This app is very much a work in progress and subject to change. At the time of writing this its nothing more than a TextView which displays the price (hopefully large) of magic internet money.
App which attempts to use the latest cutting edge libraries and tools. As a summary:
- Entirely written in Kotlin
- Unidirectional data flow (fully reactive architecture)
- Uses RxJava 2
- Uses RxAndroid and RxKotlin Extensions
- Uses all of the Architecture Components: Room, LiveData and Lifecycle-components
- Uses dagger-android for dependency injection
- Uses Glide for image loading
- Uses Groupie for any complex RecyclerView layouts with Kotlin support
First off, you require the latest Android Studio 3.0 (or newer) to be able to build the app.
This project uses ktlint, provided via the spotless gradle plugin, and the bundled project IntelliJ codestyle.
If you find that one of your pull reviews does not pass the CI server check due to a code style conflict, you can
easily fix it by running: ./gradlew spotlessApply, or running IntelliJ/Android Studio's code formatter.
The architecture used in this app is based on an Android ported version of the Model-View-Intent architecture and uses RxJava to implement the reactive characteristic of the architecture. It takes learnings from:
The MVI architecture embraces reactive and functional programming. The two main components of this architecture, the View and the ViewModel can be seen as functions, taking an input and emiting outputs to each other. The View takes input from the ViewModel and emit back intents. The ViewModel takes input from the View and emit back view states. This means the View has only one entry point to forward data to the ViewModel and vice-versa, the ViewModel only has one way to pass information to the View.
This is reflected in their API. For instance, The View has only two exposed methods:
interface MviView {
fun intents(): Observable<MviIntent>
fun render(state: MviViewState)
}A View will a) emit its intents to a ViewModel, and b) subscribes to this ViewModel in order to receive states needed to render its own UI.

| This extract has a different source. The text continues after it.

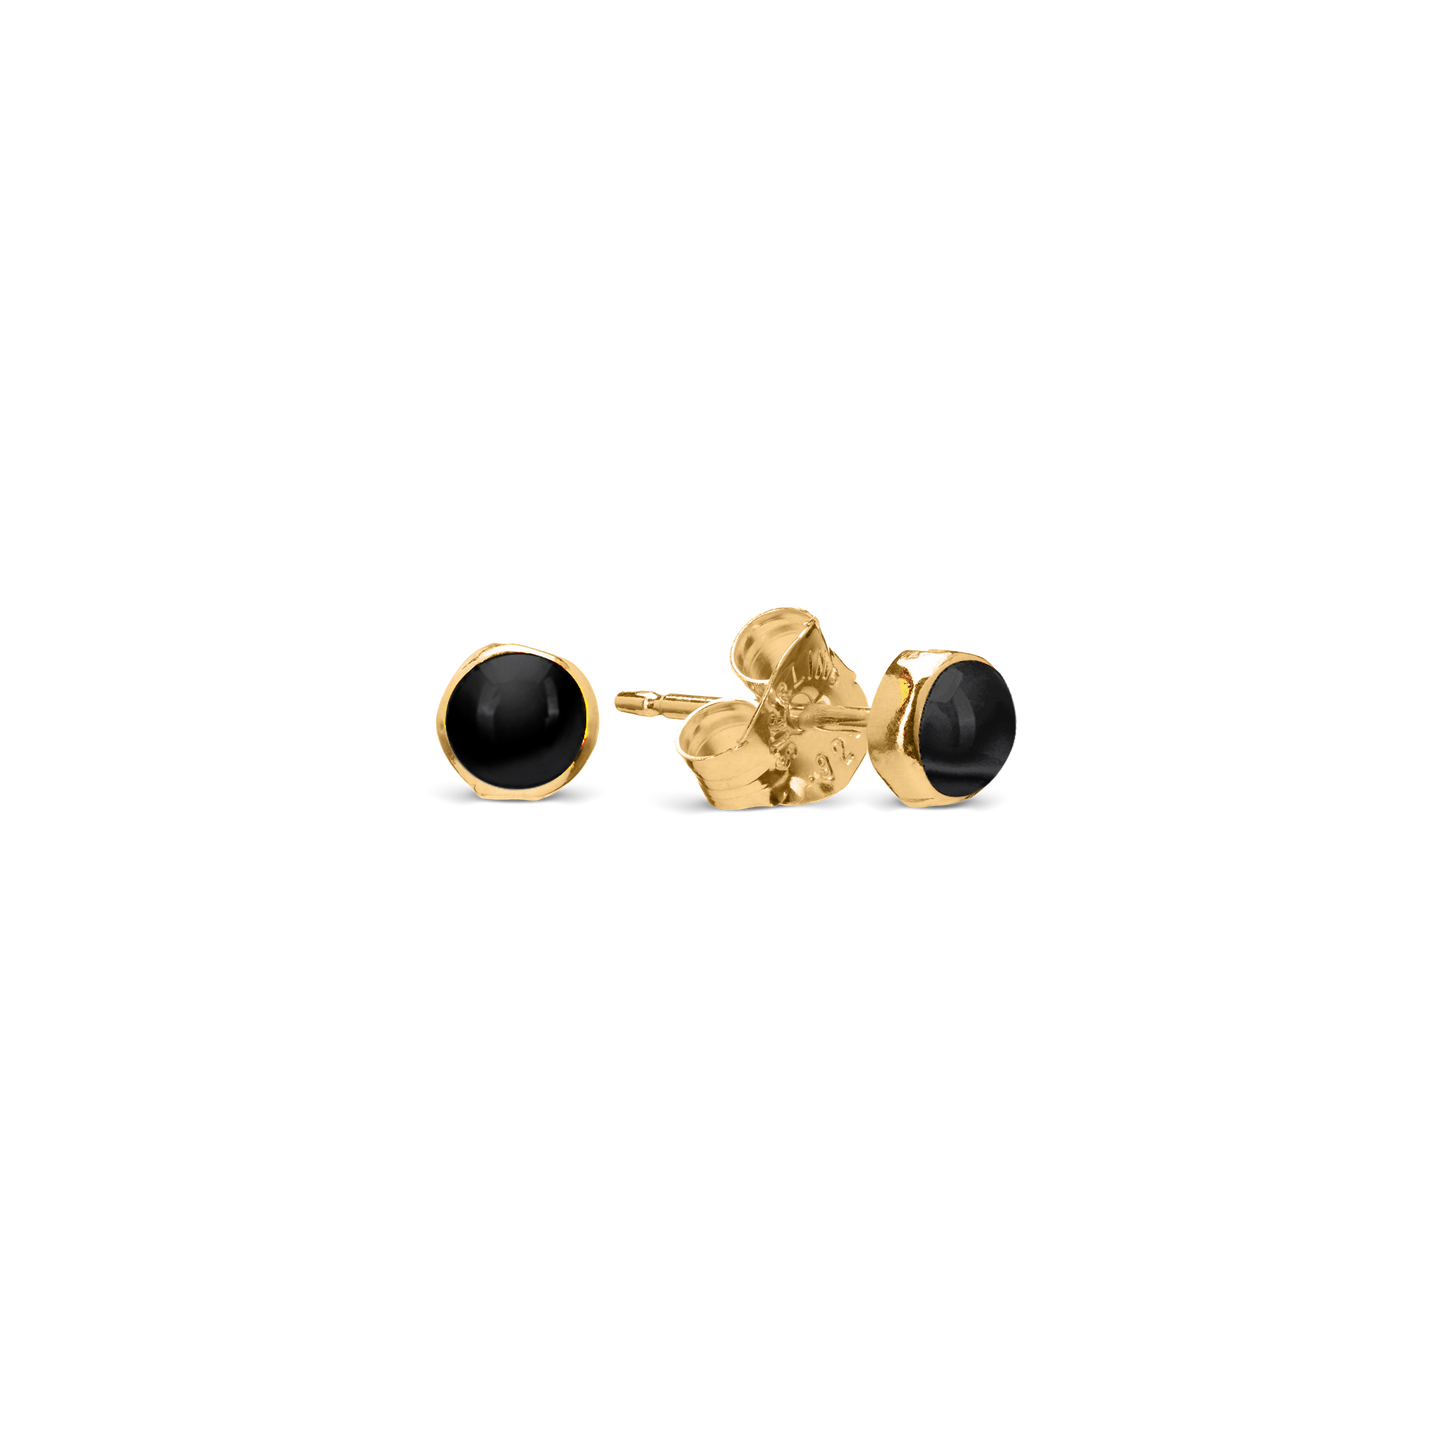 THE PERFECT STUD in 14k gold vermeil

A ViewModel exposes only two methods as well:
interface MviViewModel {
fun processIntents(intents: Observable<MviIntent>)
fun states(): Observable<MviViewState>
}A ViewModel will a) process the intents of the View, and b) emit a view state back so the View can reflect the change, if any.
The MVI architecture sees the user as part of the data flow, a functionnal component taking input from the previous one and emitting event to the next. The user receives an input―the screen from the application―and ouputs back events (touch, click, scroll...). On Android, the input/output of the UI is at the same place; either physically as everything goes through the screen or in the program: I/O inside the activity or the fragment. Including the User to seperate the input of the view from its output helps keeping the code healty.
We saw what the View and the ViewModel were designed for, let's see every part of the data flow in details.
Intents represents, as their name goes, intents from the user, this goes from opening the screen, clicking a button, or reaching the bottom of a scrollable list.
Intents are in this step translated into their respecting logic Action. For instance, inside the tasks module, the "opening the view" intent translates into "refresh the cache and load the data". The intent and the translated action are often similar but this is important to avoid the data flow to be too coupled with the UI. It also allows reuse of the same action for multiple different intents.
Actions defines the logic that should be executed by the Processor.
Processor simply executes an Action. Inside the ViewModel, this is the only place where side-effects should happen: data writing, data reading, etc.
Results are the result of what have been executed inside the Processor. Their can be errors, successful execution, or "currently running" result, etc.
The Reducer is responsible to generate the ViewState which the View will use to render itself. The View should be stateless in the sense that the ViewState should be sufficient for the rendering. The Reducer takes the latest ViewState available, apply the latest Result to it and return a whole new ViewState.
The State contains all the information the View needs to render itself.